Bottom Line: Bolland has until the autumn to do better
RELAUNCHING a retail website is not easy. Behind the flashy new design and faux editorial content that draws shoppers towards key products is layer upon layer of complex infrastructure – payment systems and forms and code and algorithms.
Somewhere in that complex maze of programming, Marks & Spencer tripped up. Before its new site went live in February it had 6m registered shoppers; shoppers who every time they wanted to buy something would only have to enter a password before the rest was done for them.
The new site had to start from scratch, and three months in it’s only back to 2.5m registered users, and an admission that slow online sales are going to hit revenues.
It’s not good enough, but could be considered a blip if the overall group was doing well.
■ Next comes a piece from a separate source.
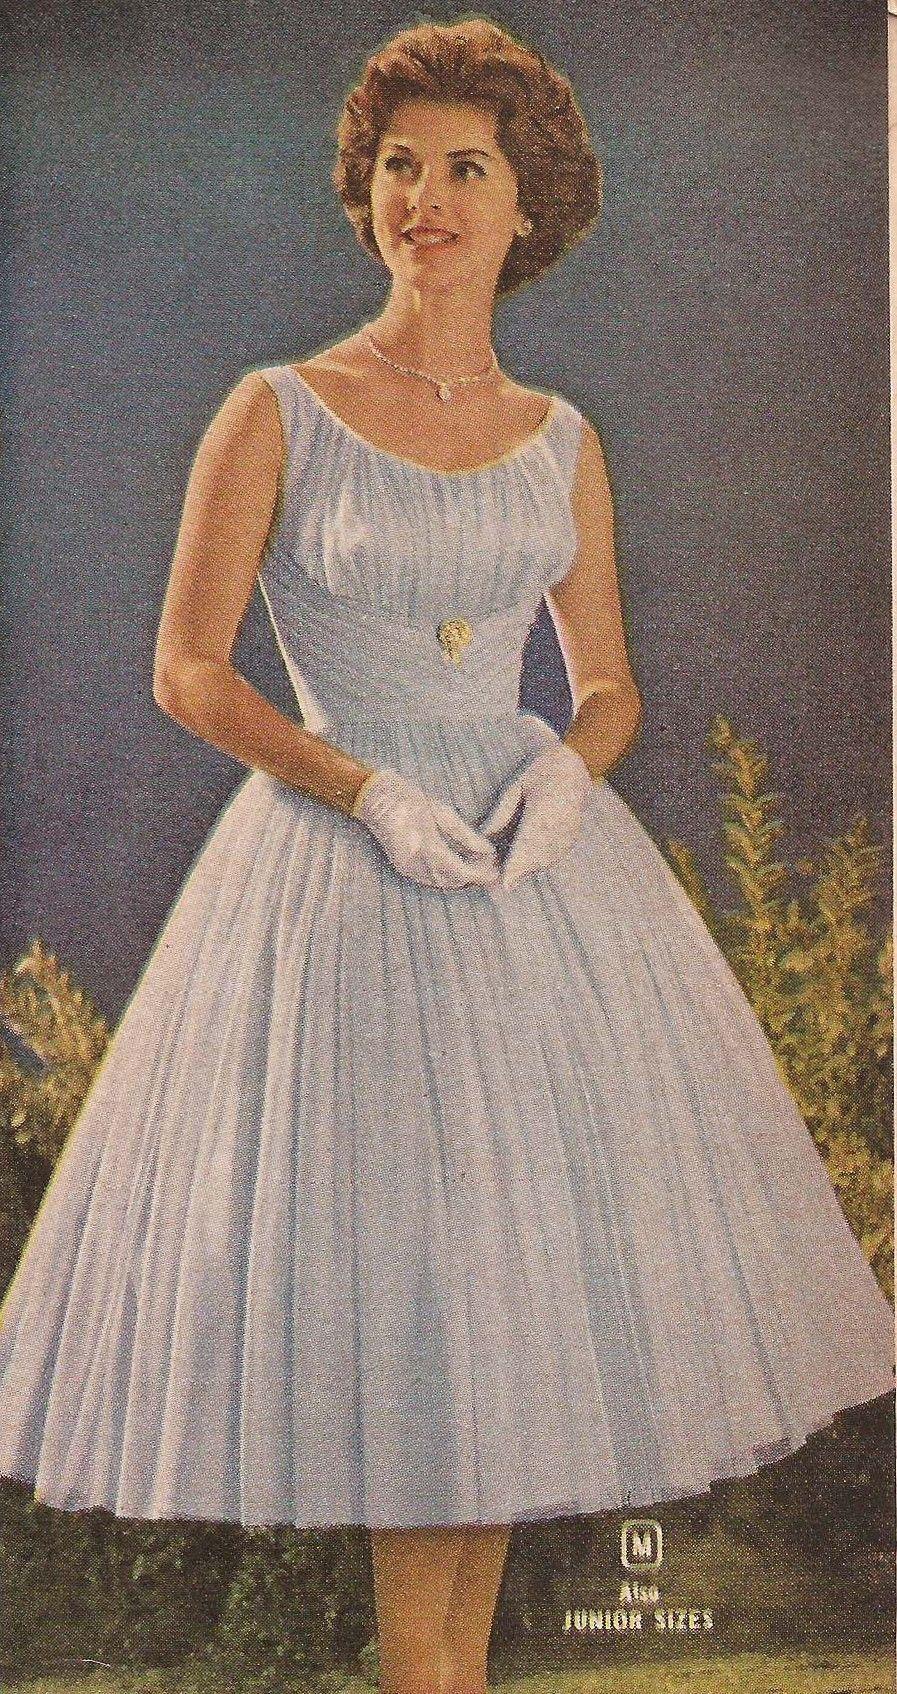 1960 Party Dresses Fifties Fashion Vintage Style Dresses Vintage Outfits [ 1694 x 897 Pixel ]
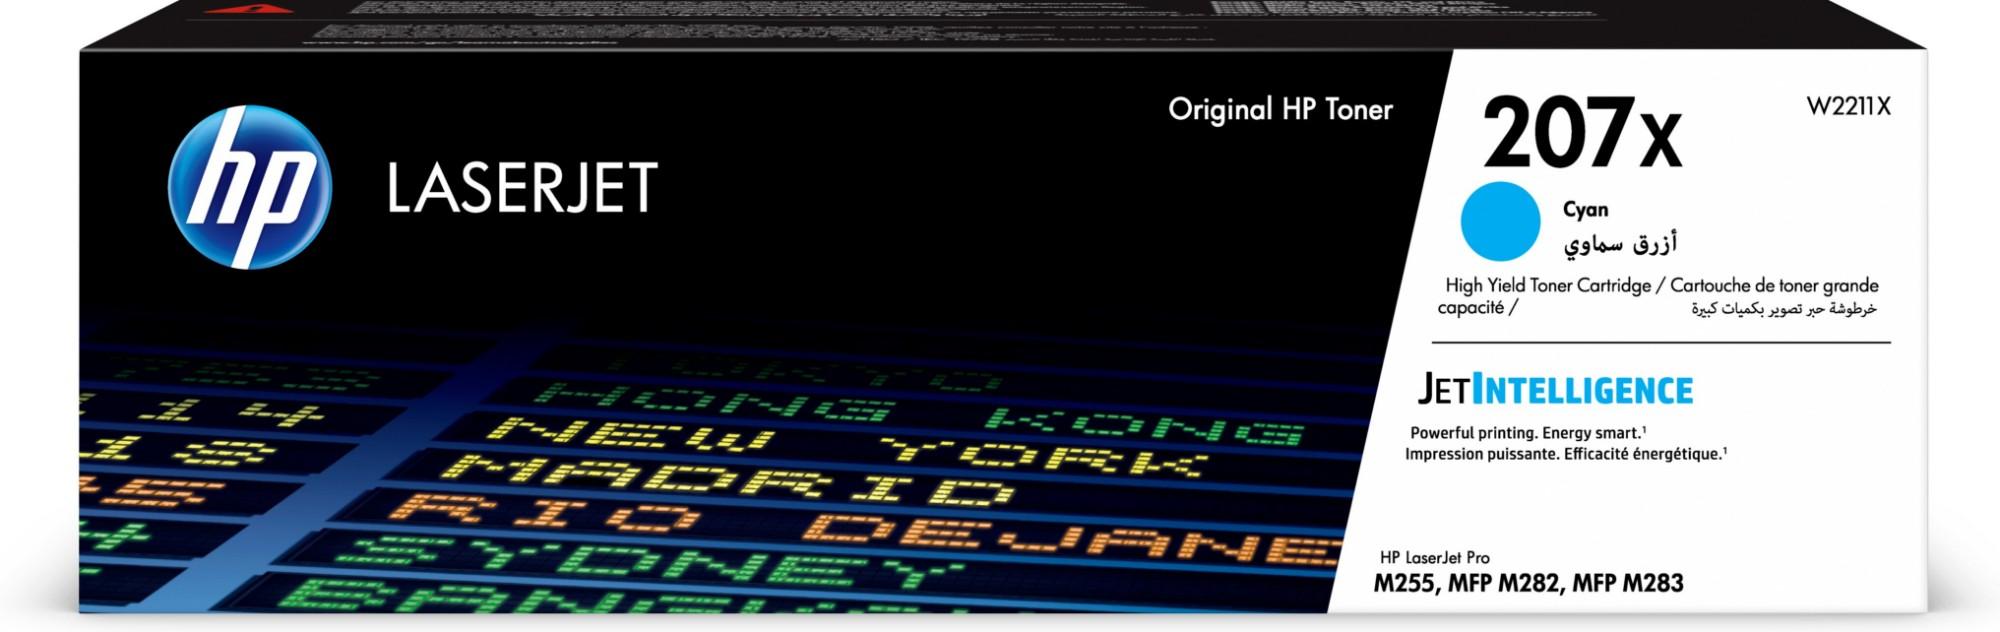 HP W2211X (207X) Toner cyan, 2.45K pages

It’s not. Marc Bolland has missed key financial targets on international, UK and overall revenues – another miss is unlikely to endear investors to his turnaround plan. But at least this time he’s being straight with them. Gone are the promises of an easy ride; his presentation yesterday was all about “heavy lifting” and not taking the easy way out.
That’s good to hear, but there’s only so long investors – who’ve stuck with Bolland for the past four years and even driven M&S shares higher – will keep buying the promise.
They should give him until the autumn, by all means; long enough to reboot the web traffic and introduce the key winter womenswear collection. But if there’s no signs of a bounce by then, shareholders should get out.